**WHAT NEEDS TO BE DONE**
Below are entries; copy exactly the lines from the one with "Среди антикоррупционеров больше" through the one with "Felicitari de zi", both included, and leave out the rest.

**EXCERPTED RECORDS**
* * *
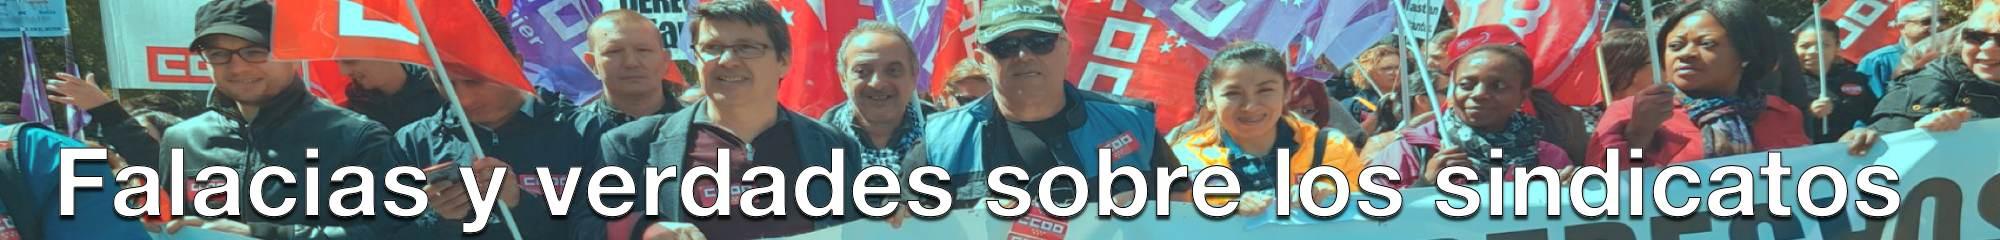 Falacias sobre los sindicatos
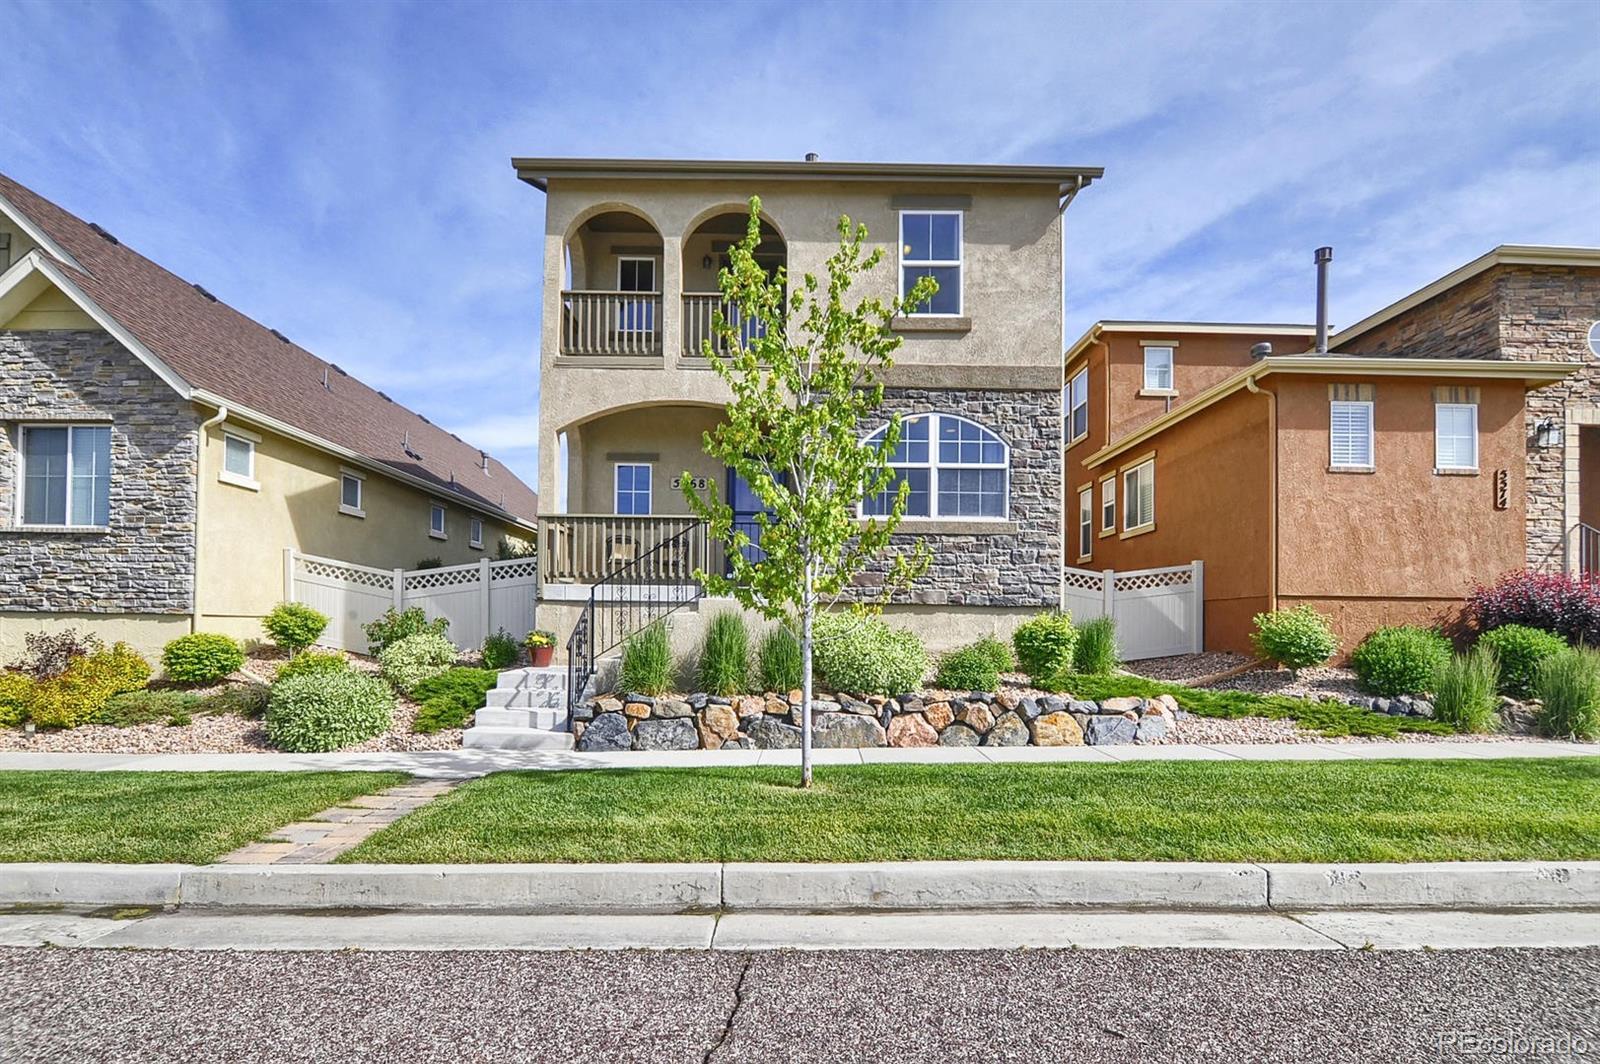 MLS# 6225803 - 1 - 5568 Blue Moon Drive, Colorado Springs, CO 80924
* * *
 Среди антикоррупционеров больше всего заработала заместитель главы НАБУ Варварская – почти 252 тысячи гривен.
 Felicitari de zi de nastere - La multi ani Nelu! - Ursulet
* * *
**TASK SOLUTION**
 Среди антикоррупционеров больше всего заработала заместитель главы НАБУ Варварская – почти 252 тысячи гривен.
 Felicitari de zi de nastere - La multi ani Nelu! - Ursulet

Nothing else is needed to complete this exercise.